Although infusions of recombinant ApoA-I Milano or ApoA-I wild type may be potentially safe and effective for clinical application, this therapy is limited for clinical use due to the high cost of large-scale production of ApoA-I and need for repeated intravenous administration. Thus, gene therapy could represent an alternative approach for its possible long-term effect. Although preclinical studies have provided some evidence of benefit using this approach, further studies are needed for its definitive clinical validation [32]. Recent progress in recombinant adeno-associated virus (AAV) technology appears promising in this regard [32,66].

Conclusions

From the above review of the scientific, epidemiological and clinical data, it becomes apparent that HDL functionality plays a much more important role in atheroprotection than circulating HDL-C levels. Plasma HDL constitutes a heterogeneous group of particles with diverse structure and biological activity, and very high HDL-C levels are not invariably protective but rather, under certain conditions, may actually become pro-inflammatory.
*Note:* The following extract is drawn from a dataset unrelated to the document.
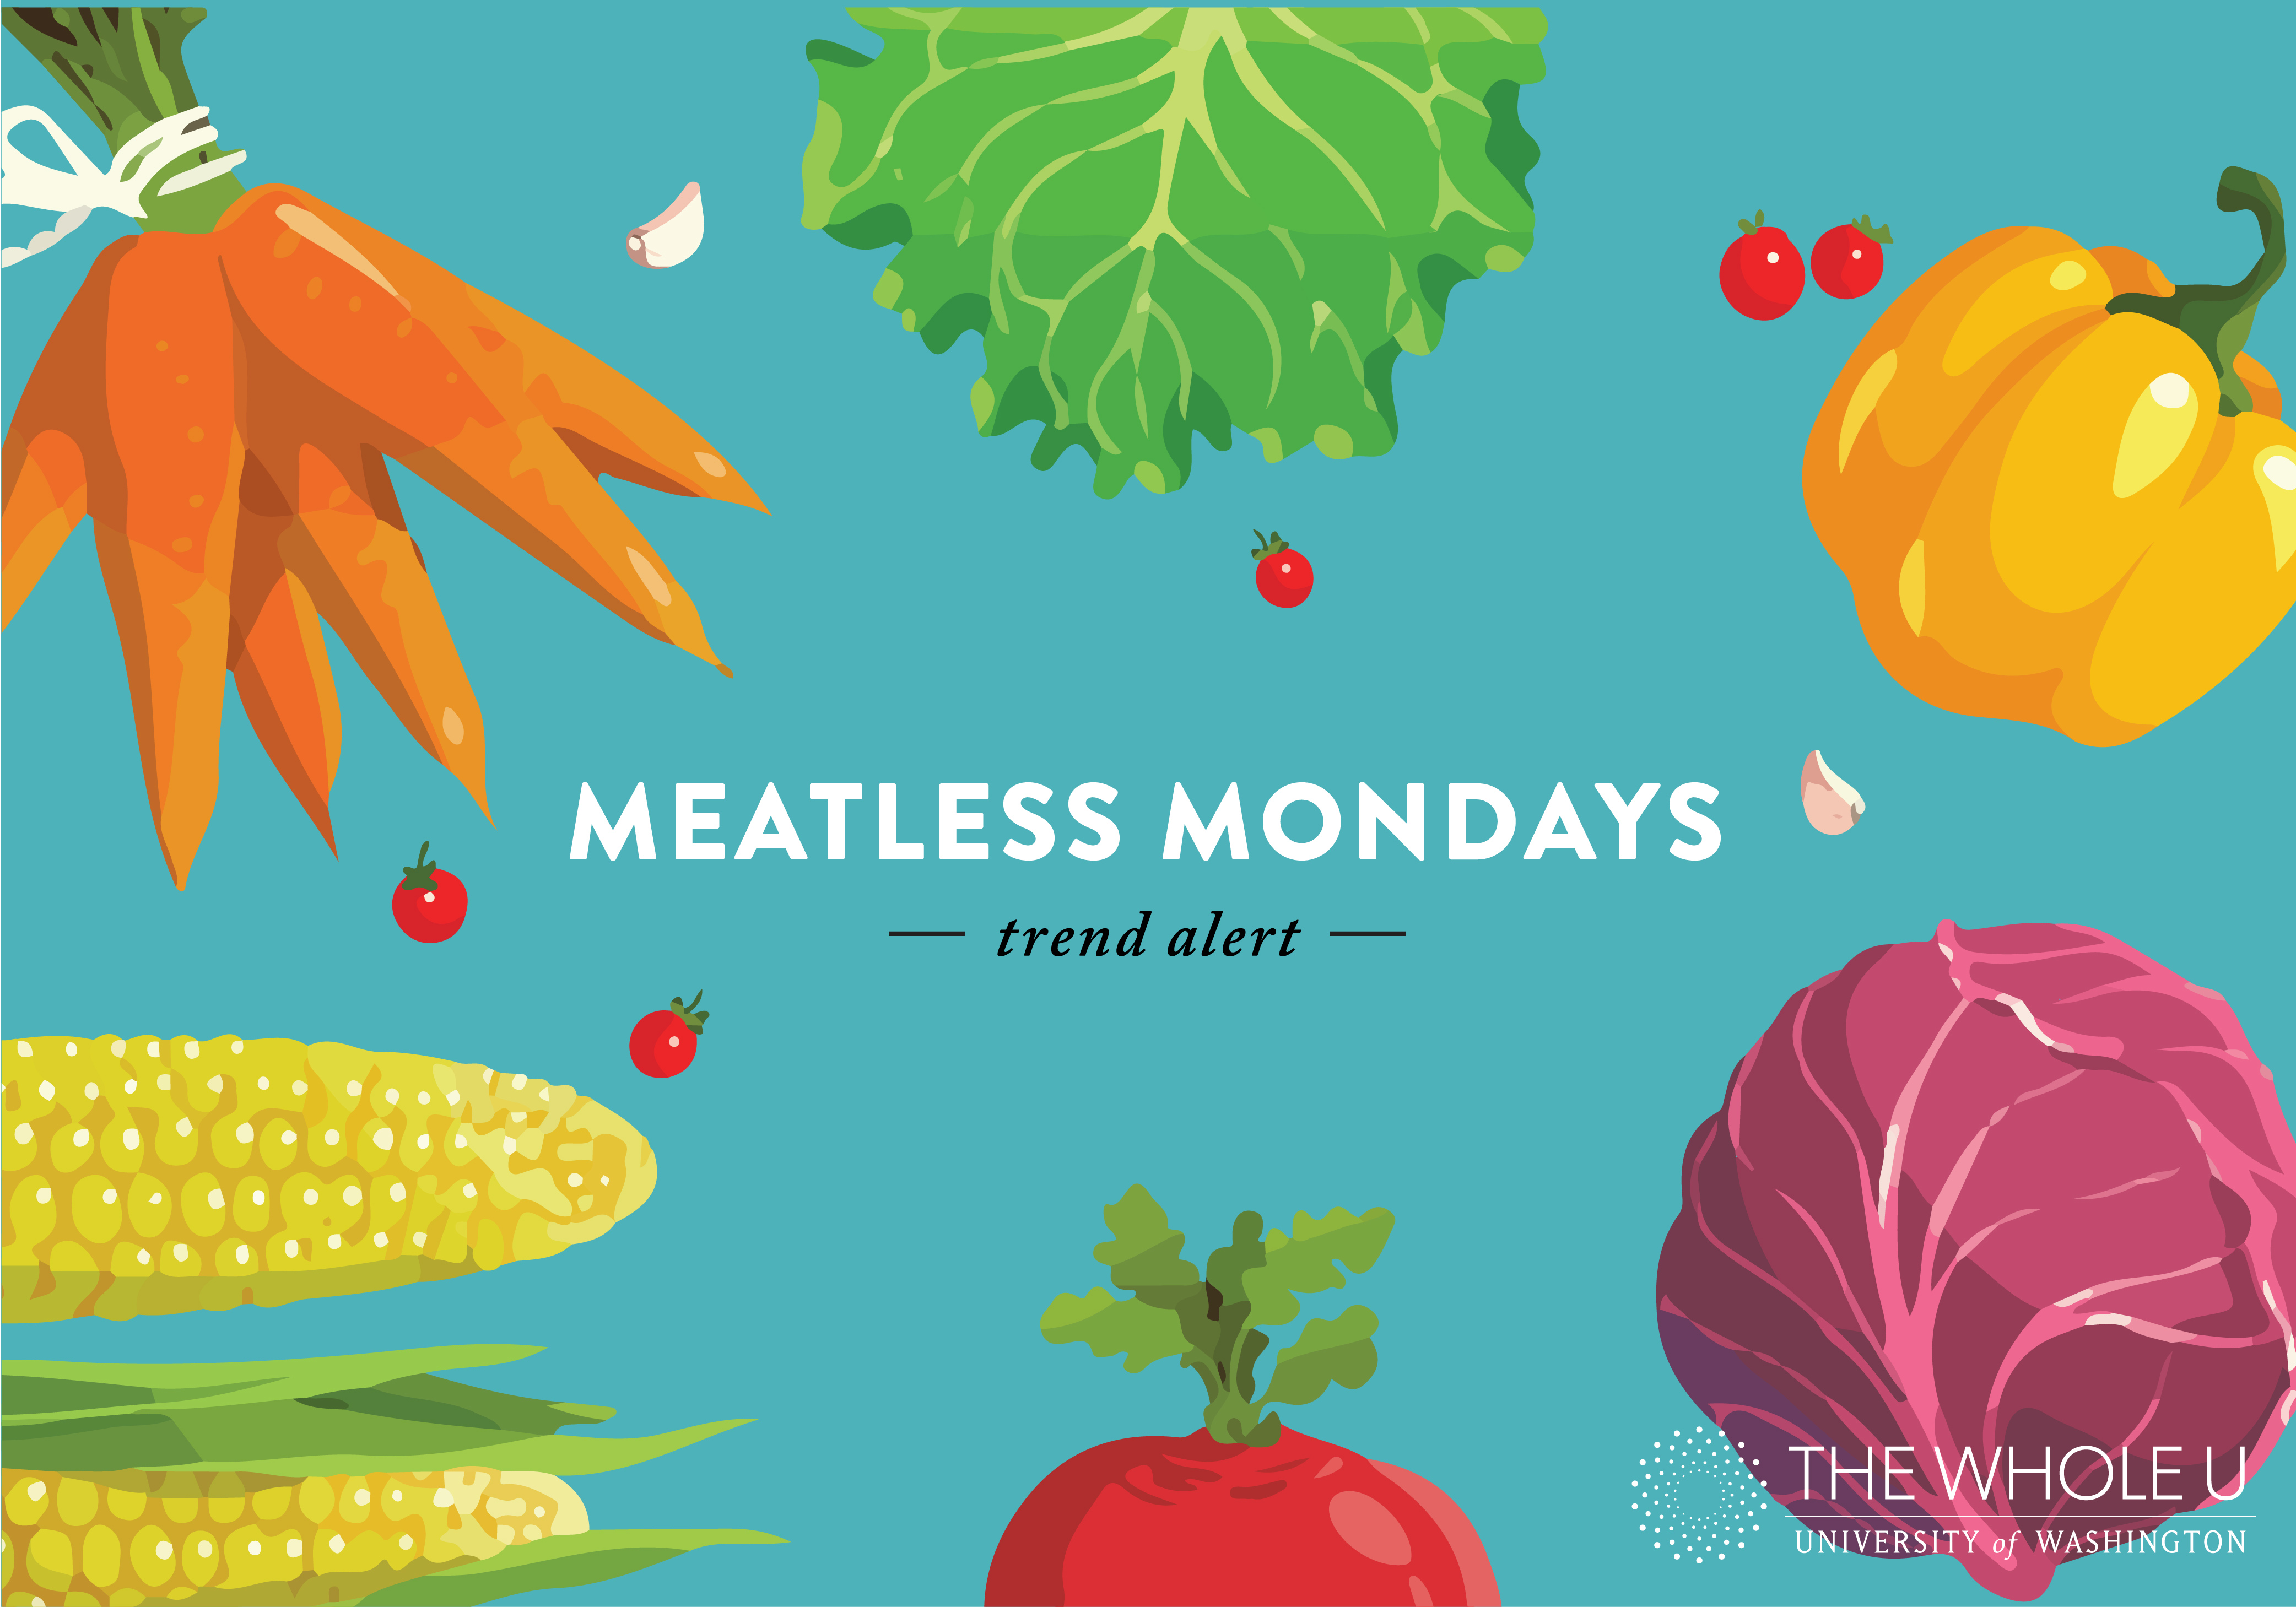 Ask a Dietitian: Meatless Mondays? | The Whole U

HDL functionality is dependent upon genetic, environmental, and lifestyle factors and may be modified in several disease states. HDL CEC from macrophages is a key metric of HDL functionality and exhibits a strong inverse association with both CIMT and the likelihood of angiographic CAD, independent of the HDL-C level. Thus, extensive research is being conducted to identify new agents with a favorable side-effect profile, which would be able to enhance CEC, improve HDL functionality and potentially decrease cardiovascular risk.